Женский голос над головой осип:

— Москва ПЗП. Свердловск ПЗП. Алма-Ата ПЗП.

— Это что ж такое — ПЗП? — спросил Кеша, пока девушка выписывала ему квитанцию. — Позабыт-позаброшен?

— Прием заказов прекращен, — быстро ответила девушка и неожиданно улыбнулась.

Был налажен какой-то контакт, Кеша наклонился:

— А где тут Хадича Муратова?

— Она приемщица?

Ну вот — снова руками разводи.

— Может, в аппаратной? — сказала девушка, потянувшись за следующей телеграммой.

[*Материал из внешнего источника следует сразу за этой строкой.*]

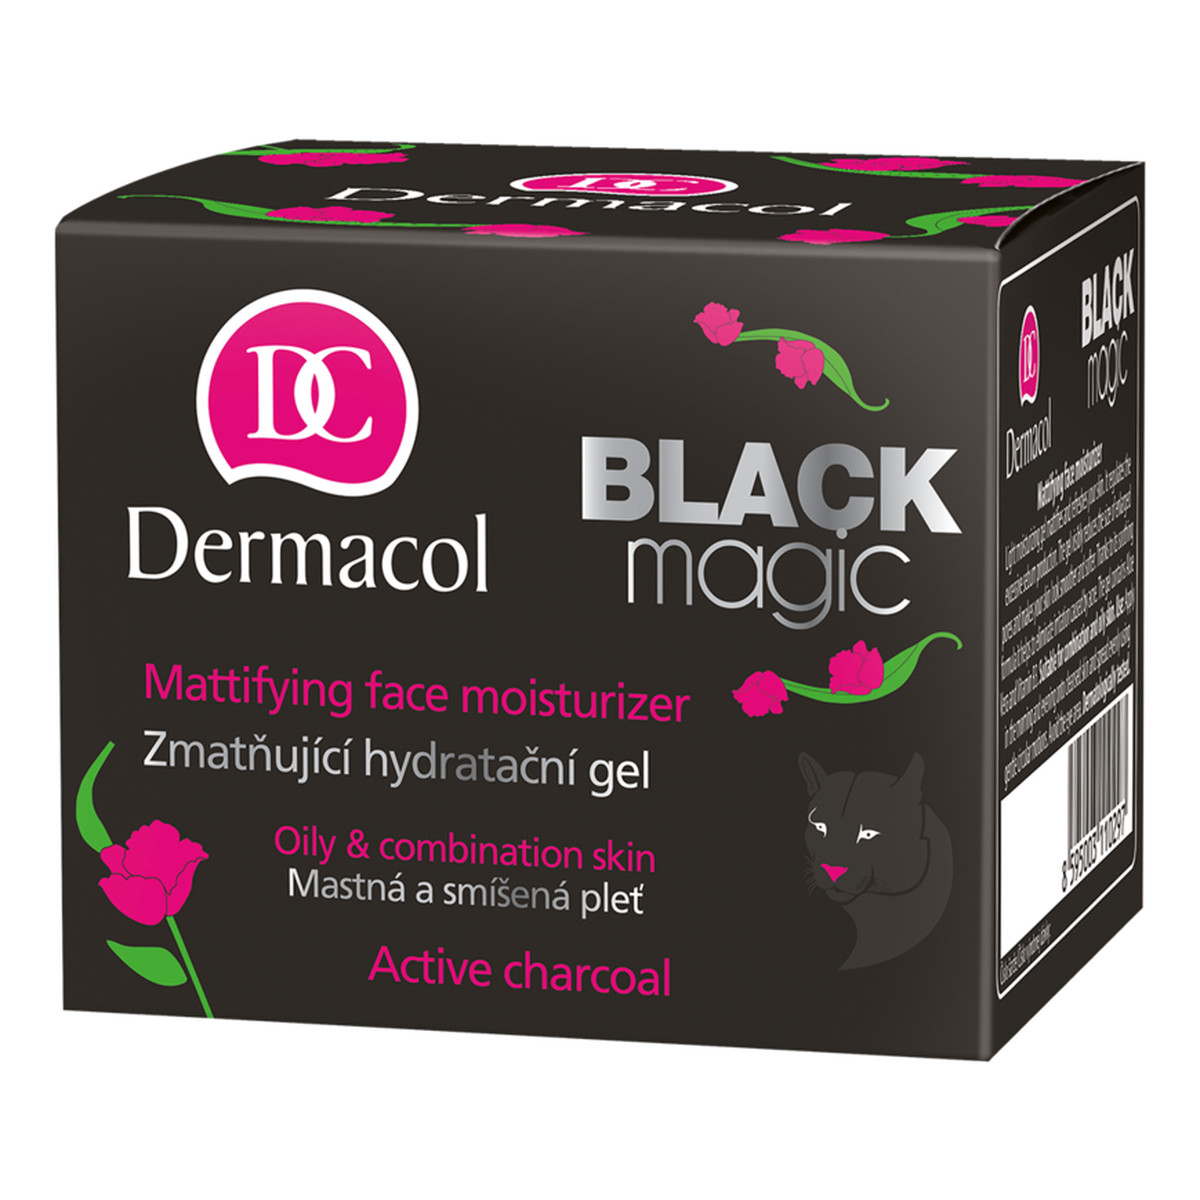 Dermacol Black magic nawilżająco-matujący żel do twarzy 50ml

Тихо гомонящая очередь оттеснила Кешу. Аппаратную он легко нашел, да там на двери было написано красным: «Посторонним вход воспрещен!» Внушительной дубинкой грозил восклицательный знак. Из-за двери ребята вынесли лестницу, поставили у стены и ушли, отряхивая штаны. Кеша тут же взял лестницу на плечо и понес назад, мимо вахтера, который даже приоткрыл дверь перед ним и прикрикнул:

— Чуть не убил! Смотри!

По коридору юркали девушки. Кеша, действительно, чуть не задел кого-то из них и теперь пошел осторожнее. Толкнул лестницей дверь, за которой дробно стучало.

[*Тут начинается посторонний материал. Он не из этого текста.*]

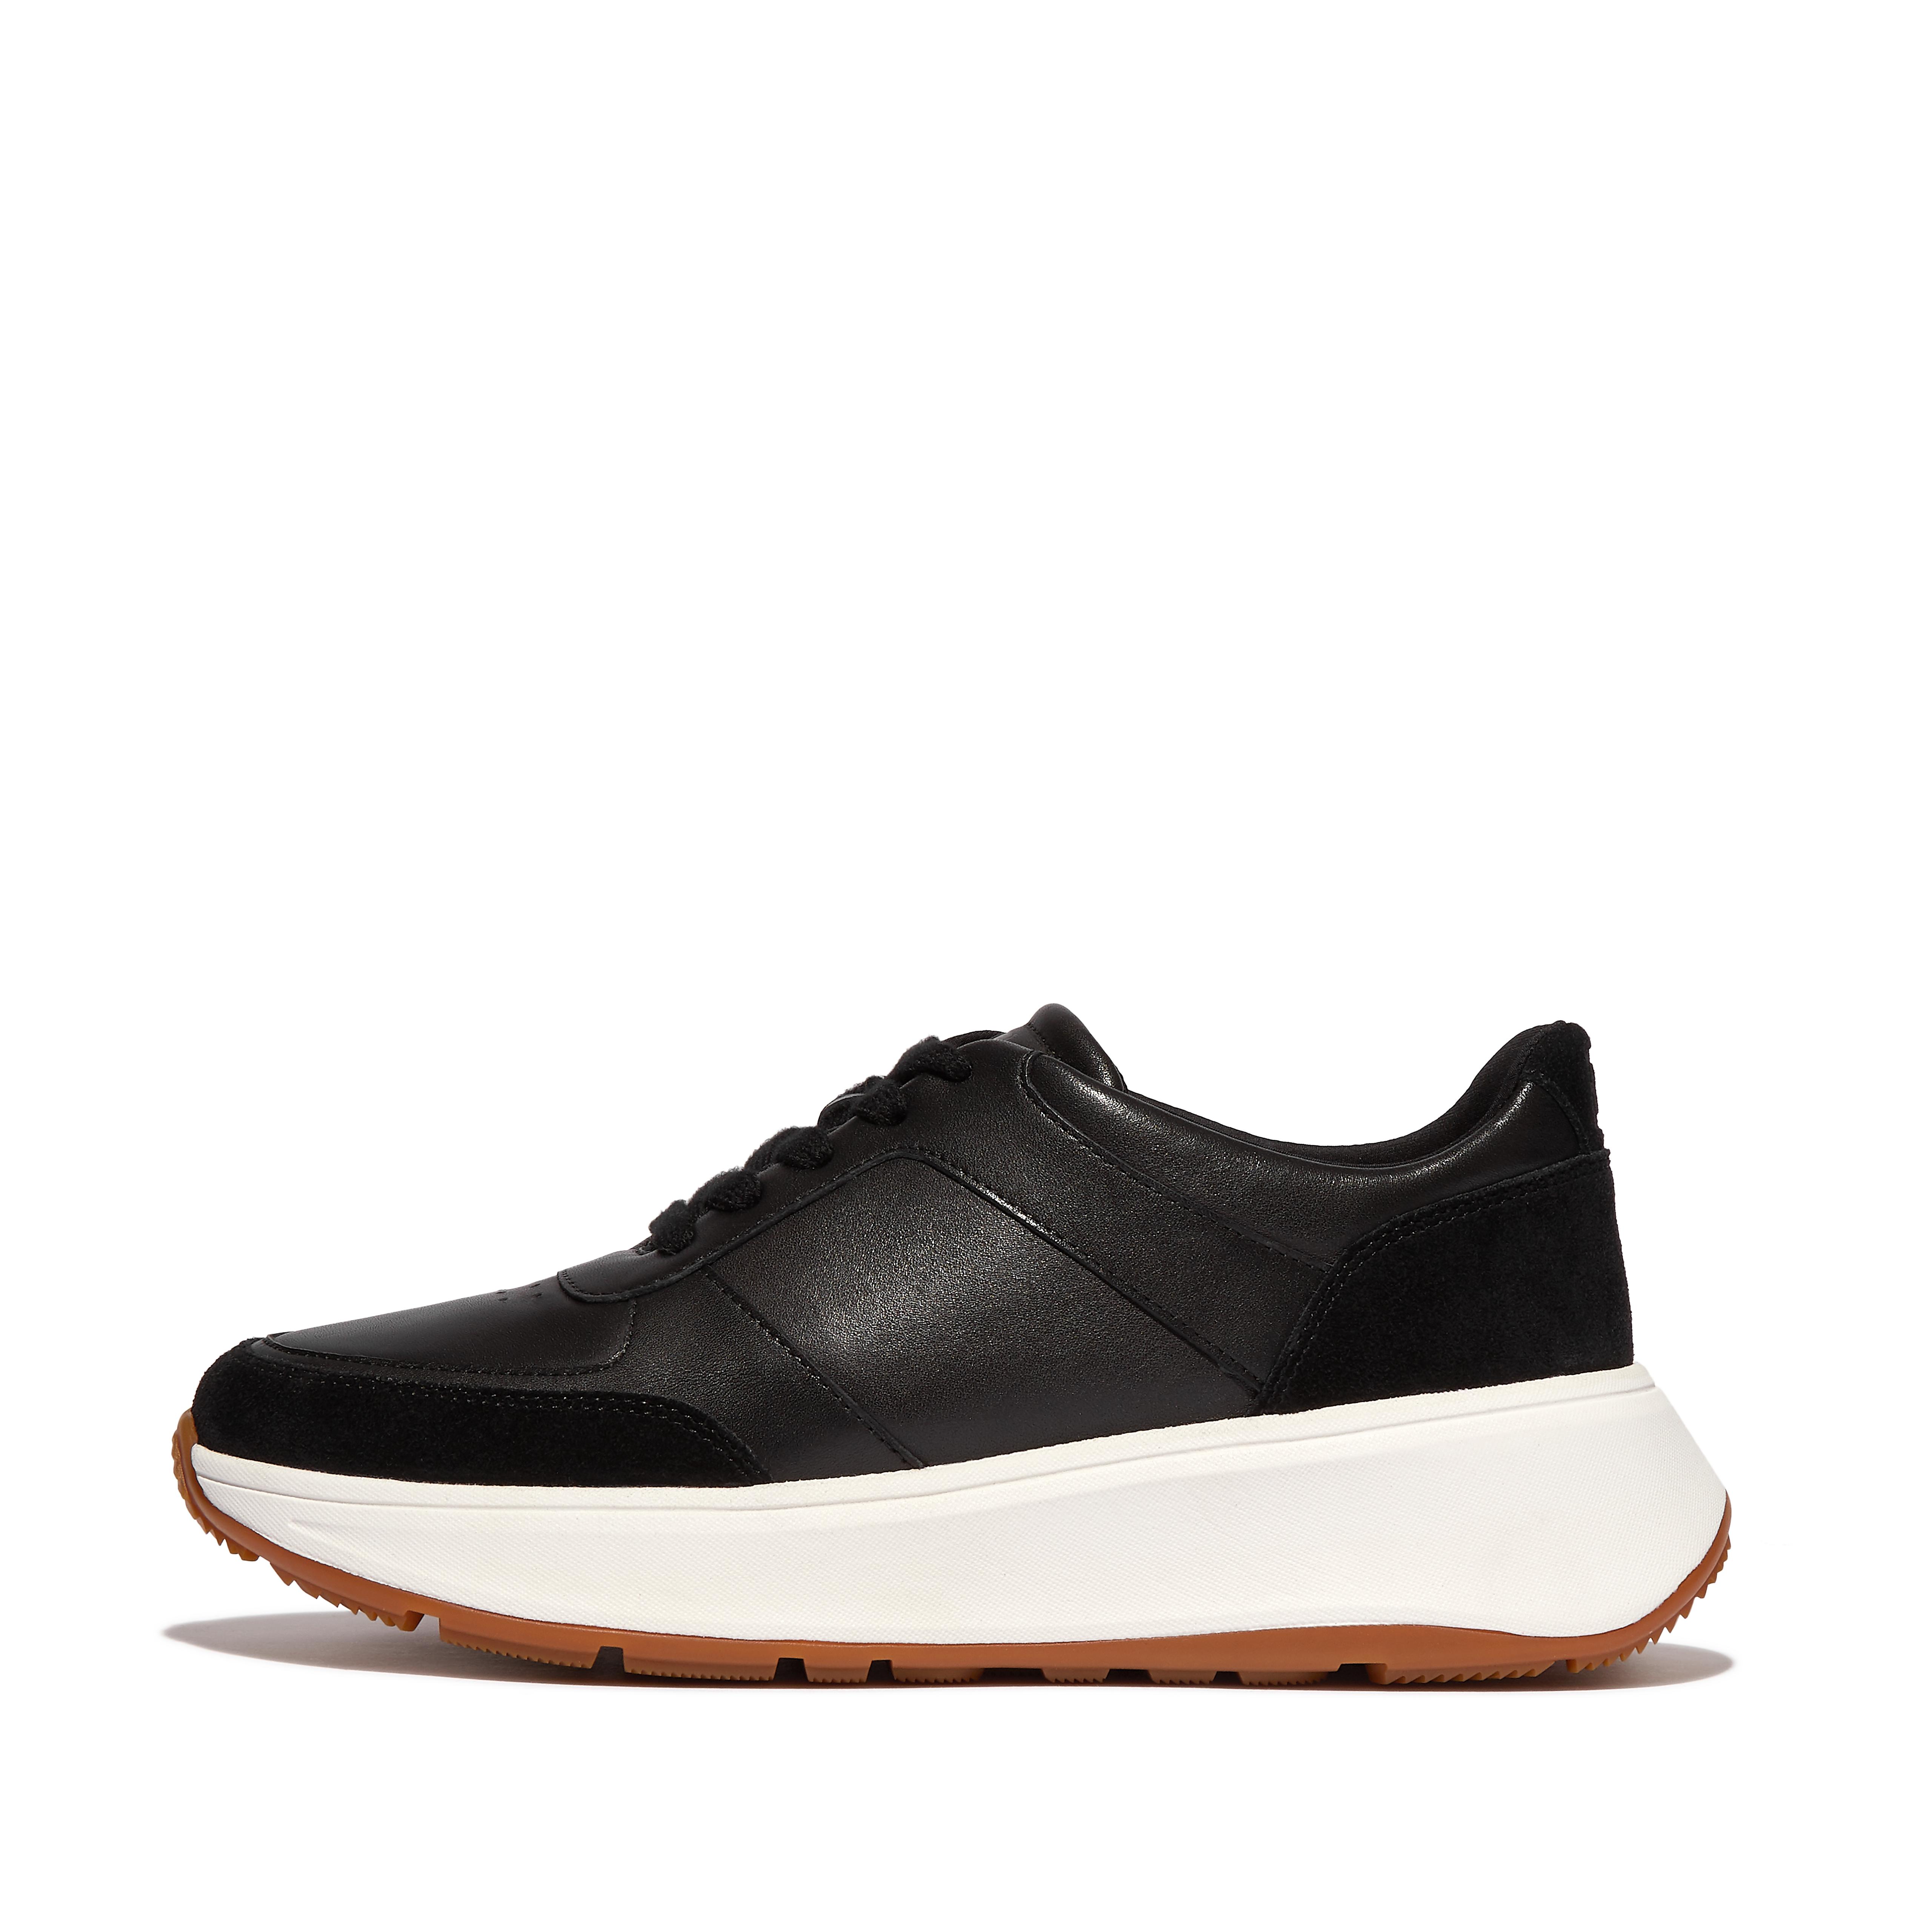 핏플랍 스니커즈 Fitflop Leather/Suede Flatform Sneakers,Black

Аппараты строчили, как пулеметы. Сидели за аппаратами девушки, все черноволосые. Ободренный своей удачей, Кеша наклонился к ближайшей, уверенно спросил:

— Какая тут Хадича Муратова?

Девушка на миг оторвалась от работы.

— Откуда она?

— Местная.

— А я из Фрунзе. — И стала рвать ленту, непрерывно сползающую с аппарата, и наклеивать полосками на бланк.

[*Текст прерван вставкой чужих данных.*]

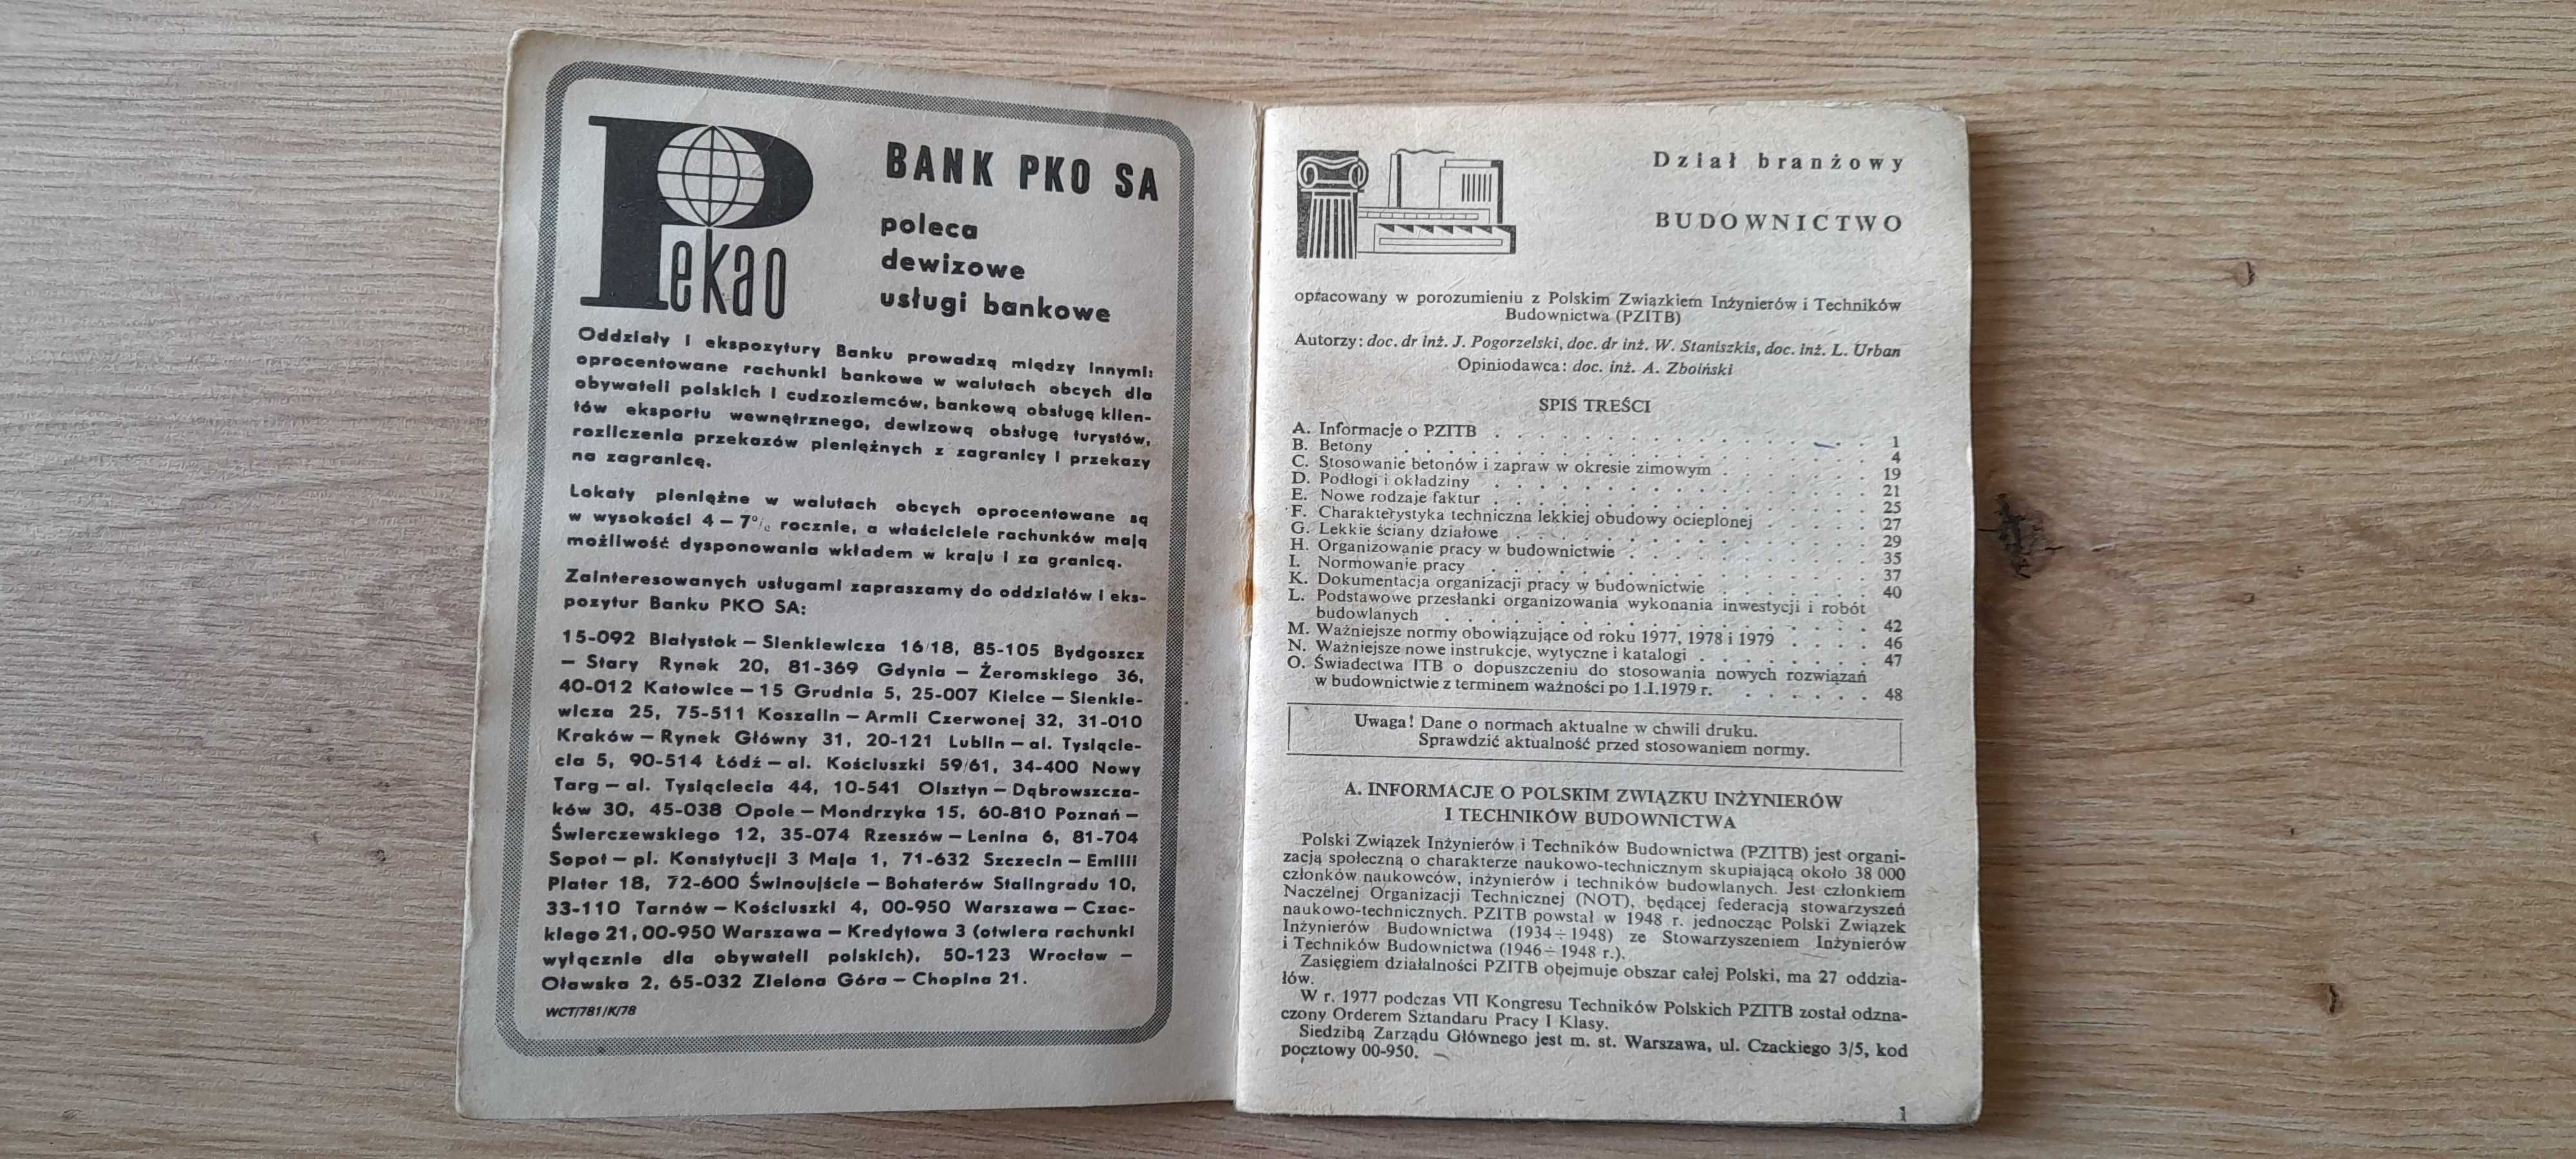 "Wkładka do Terminarza Technika 1979: BUDOWNICTWO"

Кеша перешел ко второй телеграфистке:

— Ты местная или тоже из Фрунзе?

— Из Дюшамбе.

Тут его заметила старшая смены, в очках, сидящая за столиком у телефона, и крикнула, перекрывая стук аппаратов:

— Эй! Зачем пришел? А ну, из аппаратной! Вахтер!

— Да я…

Но задрожало здание, и накатился гул, и замигали, закачались и потухли потолочные лампы. Аппараты вмиг смолкли, отчего подземный грохот стал слышнее, будто ближе. Стало темно, потому что за распахнутым настежь окном сгустилась ночь. Стало страшно. Девчата завизжали:

— Свет! Почему свет выключили?

— Пожара хотите?

— Без паники!

— Все на улицу!

Девушки ринулись к двери, но залетевший оттуда в аппаратную вахтер остановил их:

— Назад! Лестница сломалась!

Аппаратная помещалась на втором этаже. Сжались у окна. Кто-то вскочил на подоконник. И тут Кеша рванулся к окну и закричал:

— Вот лестница!

Он броском выставил лестницу наружу, опустил, сам вскочил на подоконник и стал подавать девушкам руку, придерживая их, пока они перешагивали с подоконника на лестницу, и спрашивая, как пароль:

— Ты не Хадича Муратова? Ты не Хадича?

— Какая Хадича? — оборвала его одна с искаженным лицом.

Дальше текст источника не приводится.